Richmond Times-Dispatch Weekend
Black candidates narrowcasting for votes
What worked for Doug Wilder apparently doesn’t work for other Black Democrats who want to do what he did: Make history.
When Wilder razed a longstanding racial barrier, winning for lieutenant governor in 1985 to become the first Black man elected statewide in Virginia, and four years later on his victory as the nation’s first elective Black governor, he would tell those curious about his feats that he was not a Black politician. Rather, he was a politician who happened to be Black.
Nearly four decades ago, running in a Virginia that was not quite the multihued, suburbandominated dynamo it now is, Wilder was mindful of the old habits of this former cornerstone of the Confederacy.
One way he navigated them was to emphasize an indisputable truth: Wilder, despite what his skin color signaled to some, was an Establishment figure.
Nearly 20 years in the Virginia Senate and a storied reputation as a Richmond lawyer said as much. His independent streak, notwithstanding, he was part of a continuum of can-do Democrats. He would acknowledge the symbolism of his candidacy and — confident he had the Black vote — rarely strayed from the substantive ideas that resonated with a range of voters, including fiscal discipline and abortion rights.
Wilder was not a Black politician. He was a politician — a wickedly skilled one — who happened to be Black.
But 36 years after Wilder’s first statewide win, some Black
politicians seeking to match his accomplishments seem to be running as ... Black politicians.
The instincts of the candidates and the poll-driven impulses of their consultants suggest this is the logical course in an era of elevated racial, cultural and gender sensitivities that — paired with the makeover of Virginia as home to more come-heres than fromheres — are accelerating the nationalization of state politics.
It is not, however, generating traction for the three Black candidates seeking the Democratic nomination for governor: former Del.
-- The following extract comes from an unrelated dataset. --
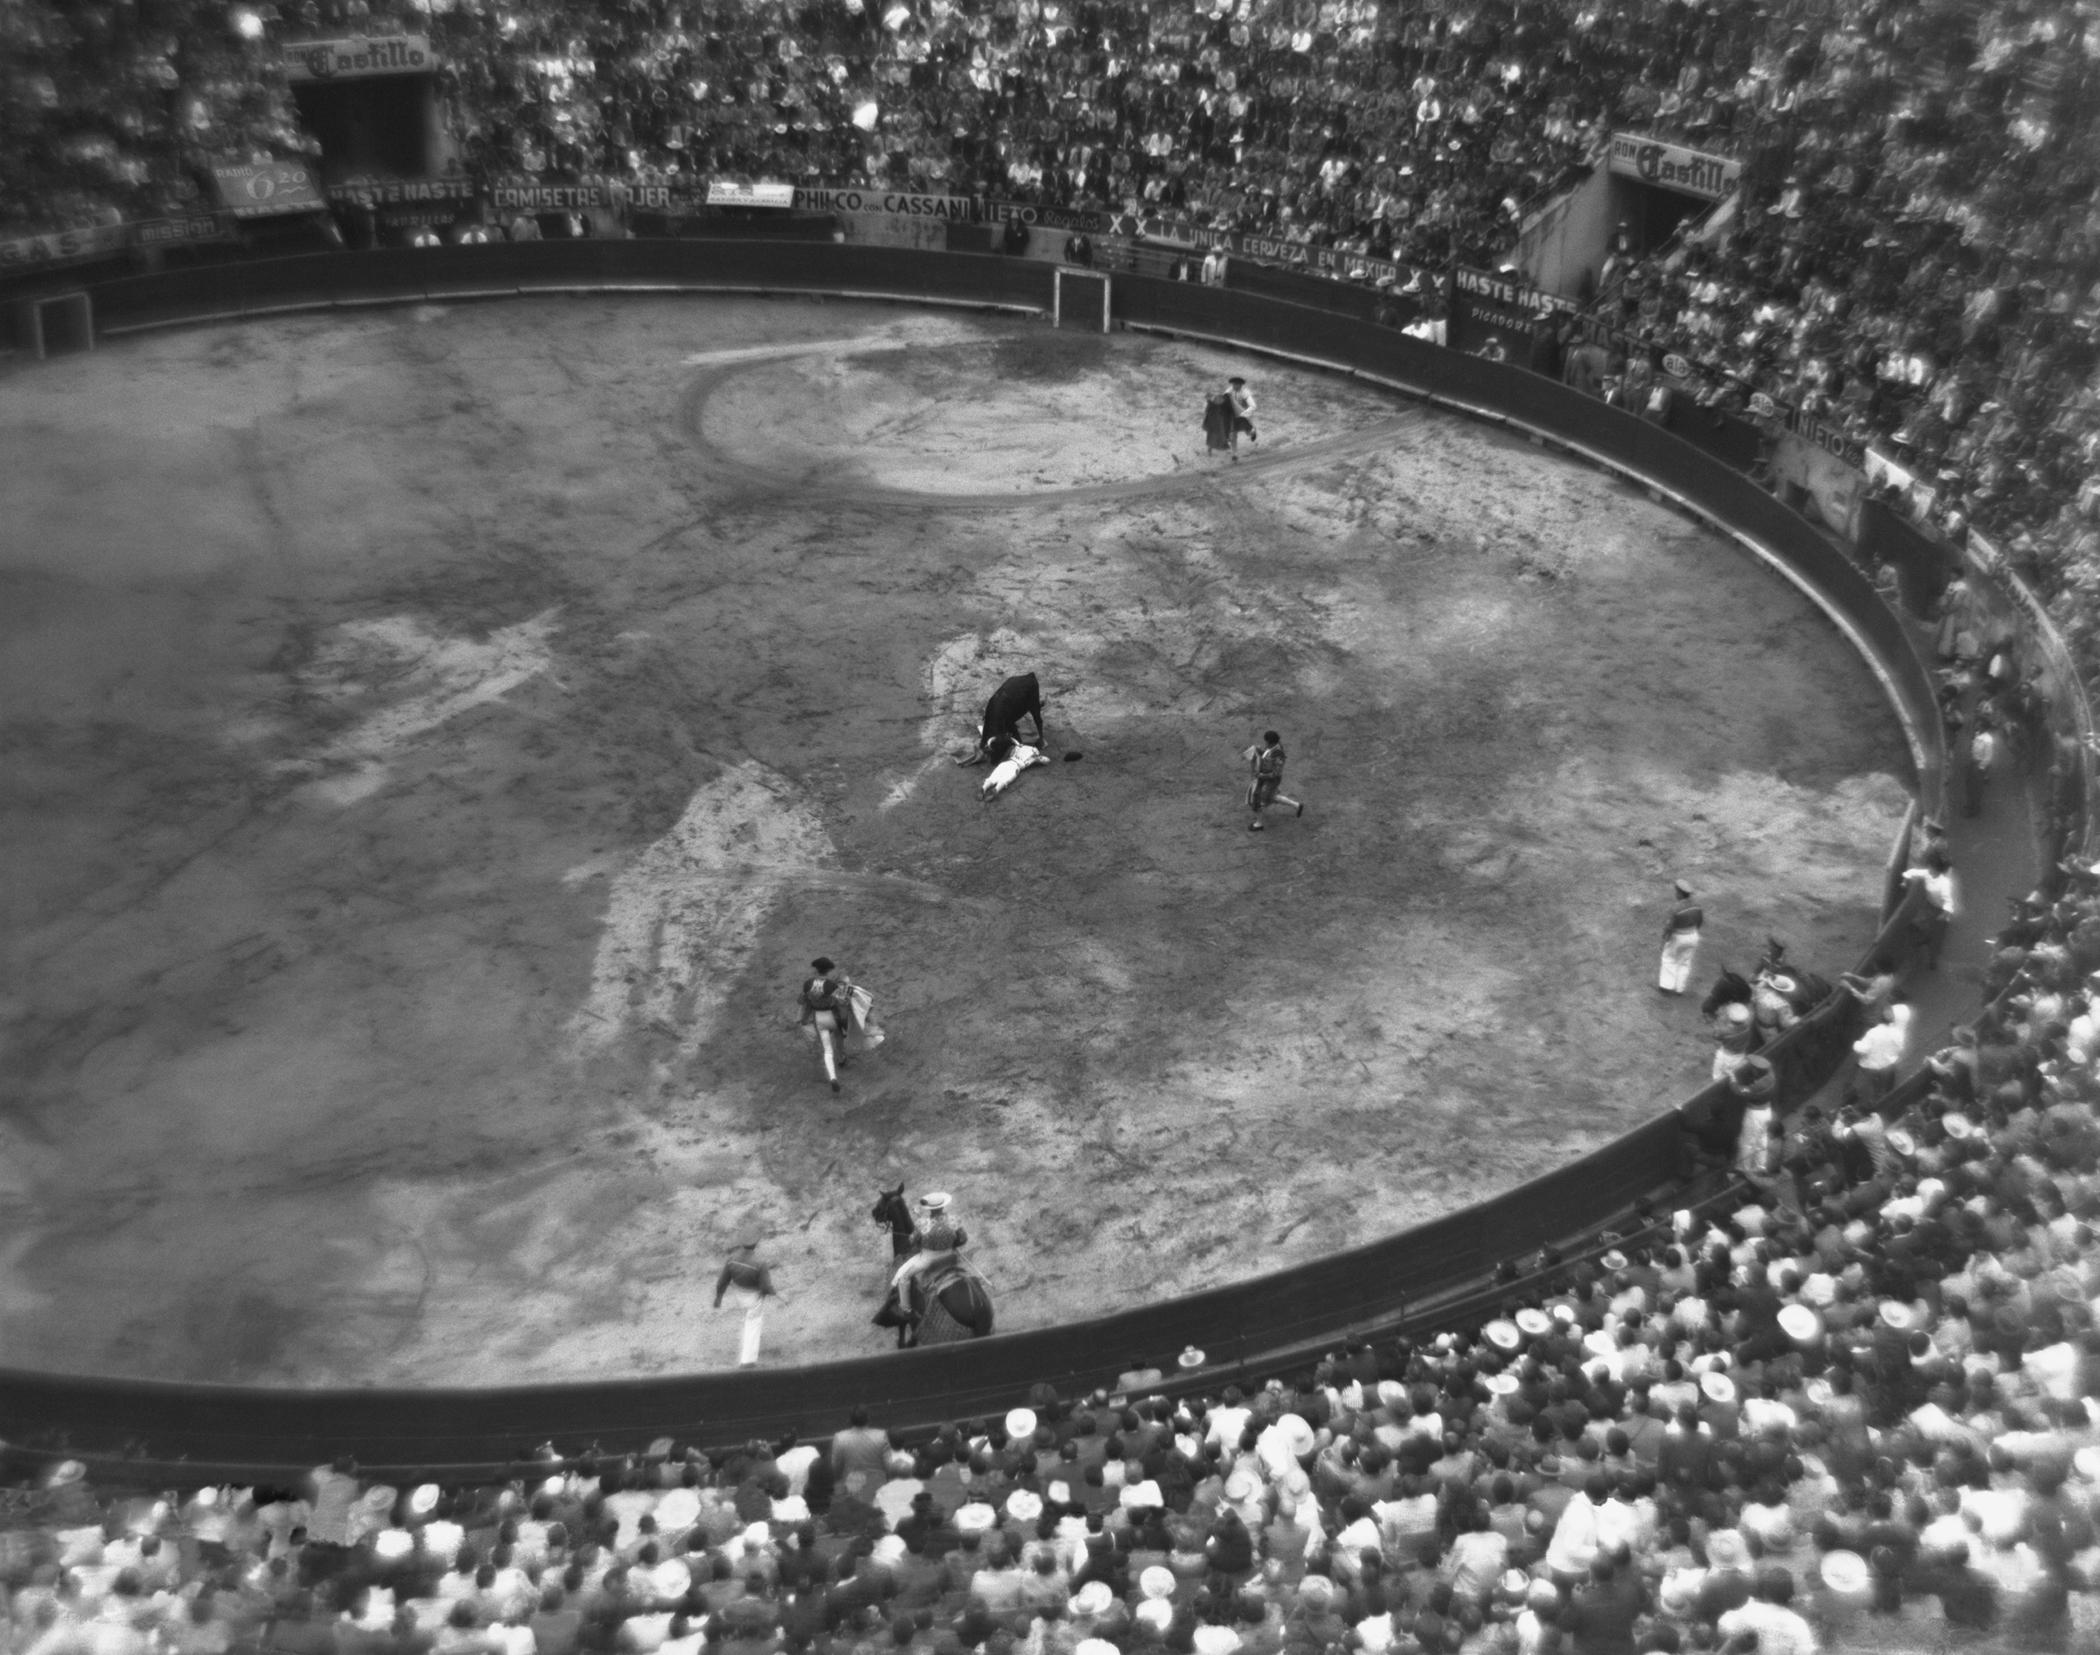 BULLFIGHT - 1957

Jennifer Carroll Foy of Prince William, state Sen. Jennifer McClellan of Richmond and Lt. Gov. Justin Fairfax.
Wider latitude for Wilder reflected a luxury they don’t have. They face a crowded primary field while Wilder’s biggest opponents for the nominations were naysayers who insisted Virginia was not ready to elect a Black candidate statewide.
Indeed, the front-runner for the 2021 nomination — bolstered by a hefty share of female voters, Black and white, who dominate the Democratic primary — is a white male retread: Terry McAuliffe, a governor from 2014 to 2018 who so enjoyed
the job, he is running for it again.
Because of the only-in-Virginia ban on governors seeking consecutive terms, McAuliffe has spent the past four years plotting his second act.
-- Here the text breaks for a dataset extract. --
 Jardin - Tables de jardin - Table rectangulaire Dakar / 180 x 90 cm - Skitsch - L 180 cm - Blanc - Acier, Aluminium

He is running as someone voters know well. His campaign bumf emphasizes the familiar, invoking his first name. It’s “Terry for Virginia.” He is running to get things done: more money for schools, expanded racial equity, improved health care, a clean environment, a Virginia that welcomes diversity.
Hobbled by a Republican legislature the first go-around, McAuliffe says the sky’s the limit if Democrats retain the House of Delegates, which is up for election this fall, and the state Senate, next decided in 2023.
It’s not that McAuliffe’s opponents are not talking about what they would do. It’s that their ambitions and accomplishments often deliberately are framed by symbolism.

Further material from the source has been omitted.